Gap-PCR combined with NGS was used to genotype the samples in Lab 2 (Jabrehoo, Pekin, China). An MDA-based WGA protocol was carried out on the simulated embryo samples using a REPLI-g Single Cell Kit (QIAGEN. Cat. No./ID: 150343). Multiplex PCR primers (Table S1) were used to amplify pathogenic genes from all gDNA samples and WGA products. The libraries were then prepared using a NEXTflex™ DNA-Seq Kit (Bioo Scientific, USA) and sequenced on the MiSeq platform (Illumina, USA) using a MiSeqDx Universal Kit v3 SBS (Illumina, Part Number: 15072805). Furthermore, multiplex PCR (PCR primers are shown in Table S2) and Sanger sequencing were used to ensure accurate detection of single-nucleotide variants (SNVs). To detect deletion mutations, Gap-PCR and gel electrophoresis were performed to further confirm the mutant types. NGS data were analyzed using a script written in the lab (02_STA_TRIM_FASTq.pl). Genetic linkage analysis was performed on the HBA and HBB genes, and haplotypes were defined as having at least 3 valid SNPs closely linked upstream or downstream of the target gene.

Laboratory 3 (Lab 3)

Gap-PCR combined with NGS was used to genotype the samples for thalassemia in Lab 3 (Basecare Medical, Suzhou, China). WGA was conducted on cell samples using a PicoPLEX® WGA Kit (TAKARA, Cat. # R30050). The NGS libraries of the gDNA samples and the WGA products were then prepared using a Preimplantation Genetic Diagnosis Kit for Thalassemia (Ion Torrent) (BASECARE, Suzhou, China).

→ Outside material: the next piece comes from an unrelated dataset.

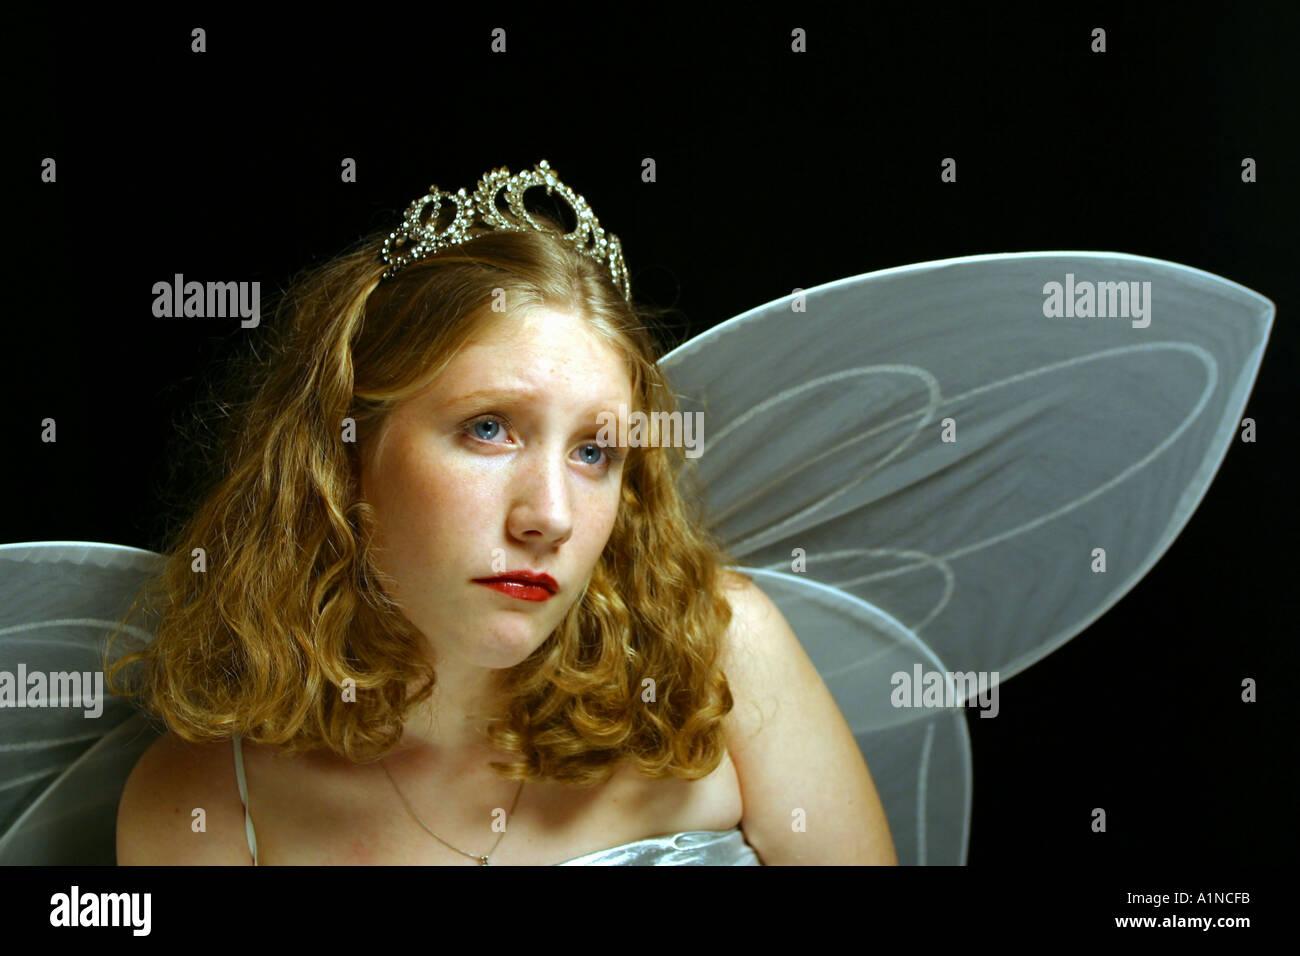 Sad Fairy Princess Photo Photos Photographs People - Stock Image
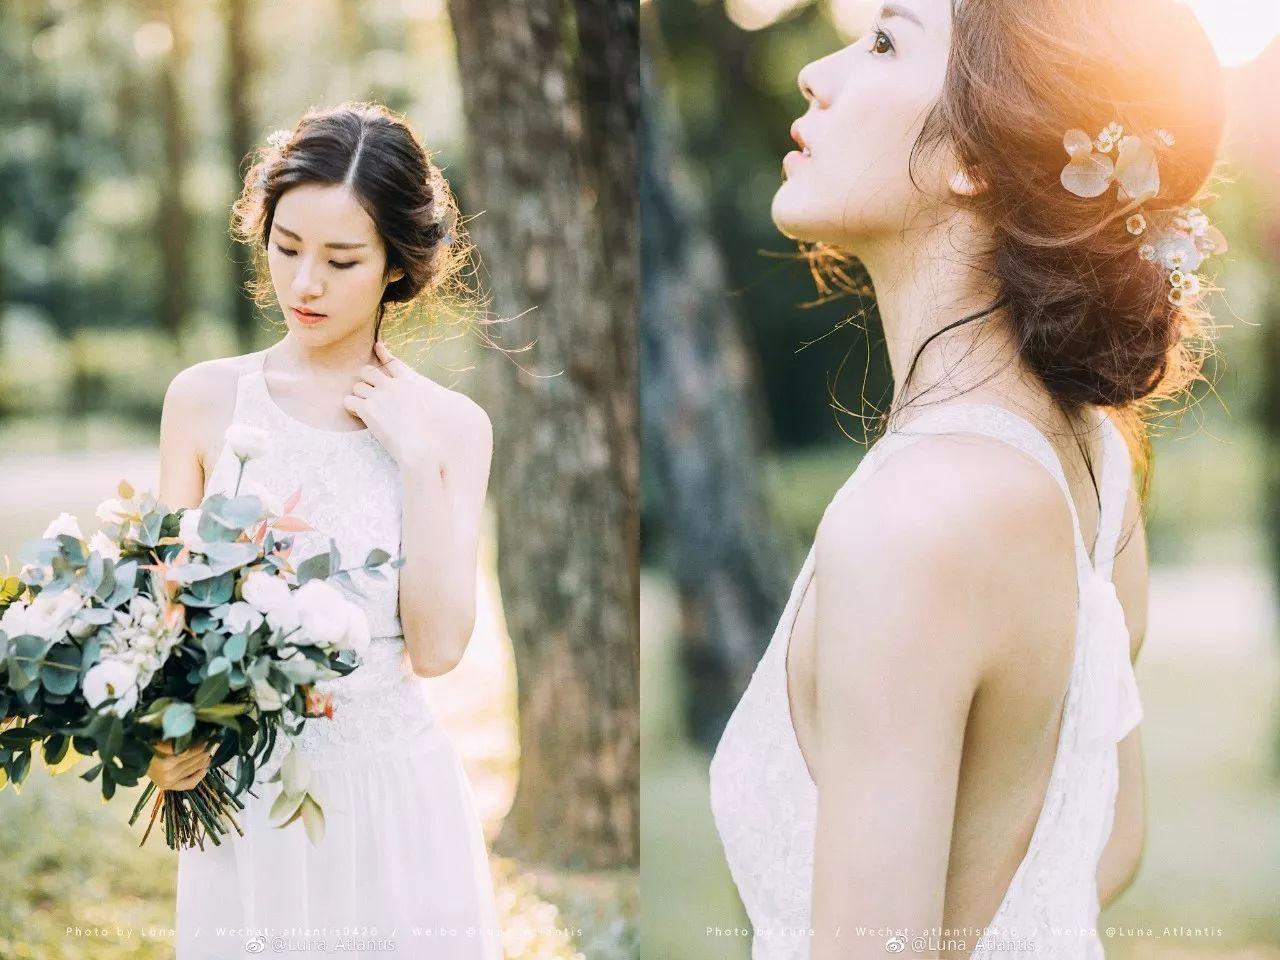 【S774】Luna_Atlantis婚纱旅拍人像摄影课程花间学院教程摄影后期修图教程

Libraries were sequenced on the Ion Torrent DA8600 platform (Thermo Fisher Scientific, USA). Bioinformatic analyses were performed to directly identify the genotype of each sample and construct the haplotypes to further reduce the errors caused by ADOs.

Laboratory 4 (Lab 4)

Lab 4 (Yikon Genomics, China) used different protocols to verify the SNV, CNV and deletion mutant genotypes. WGA was performed on the four cell samples using a REPLI-g Advanced DNA Single Cell Kit (QIAGEN. Cat. No./ID: 150365). First, Gap-PCR (primers for Gap-PCR are shown in Table S3) and gel electrophoresis were used to identify deletion mutations causing α- and β-thalassemia. Gap-PCR was carried out with the following reaction mix: 10 µL 2 × GoldStar Best Master Mix, 1 µL forward and reverse primer mix (5 µM each), 1 µL DNA template, and 8 µL H2O. The following program was used for amplification: 95 °C for 10 min; 35 cycles of 97 °C for 45 s, 65 °C for 90 s, 72 °C for 180 s; 72 °C for 5 min; and hold at 12 °C. Amplification products were verified on a 1% agarose gel. Then, the HBA and HBB genes were amplified by multiplex PCR (Primer HBA&HBB Mix Pool Kit, YIKON) separately and sequenced on a NextSeq 550 System (Illumina, USA). The NGS results were used to directly determine genotypes and to identify haplotypes based on the SNPs near the mutation locus.

Stability tests

The gDNA samples extracted from cell lines were divided into five groups (each group contained 12 gDNA samples) for storage and freeze‒thaw stability tests. Four groups of samples were kept at a constant − 80 °C for 3 months, 6 months, 12 months and 3 years. The final group of samples was cycled six times between storage at room temperature (RT) and at -80 °C. The integrity of the DNA was then reevaluated by 2% agarose gel electrophoresis. The hemoglobin genotypes of these treated gDNA samples were reanalyzed by Lab 1.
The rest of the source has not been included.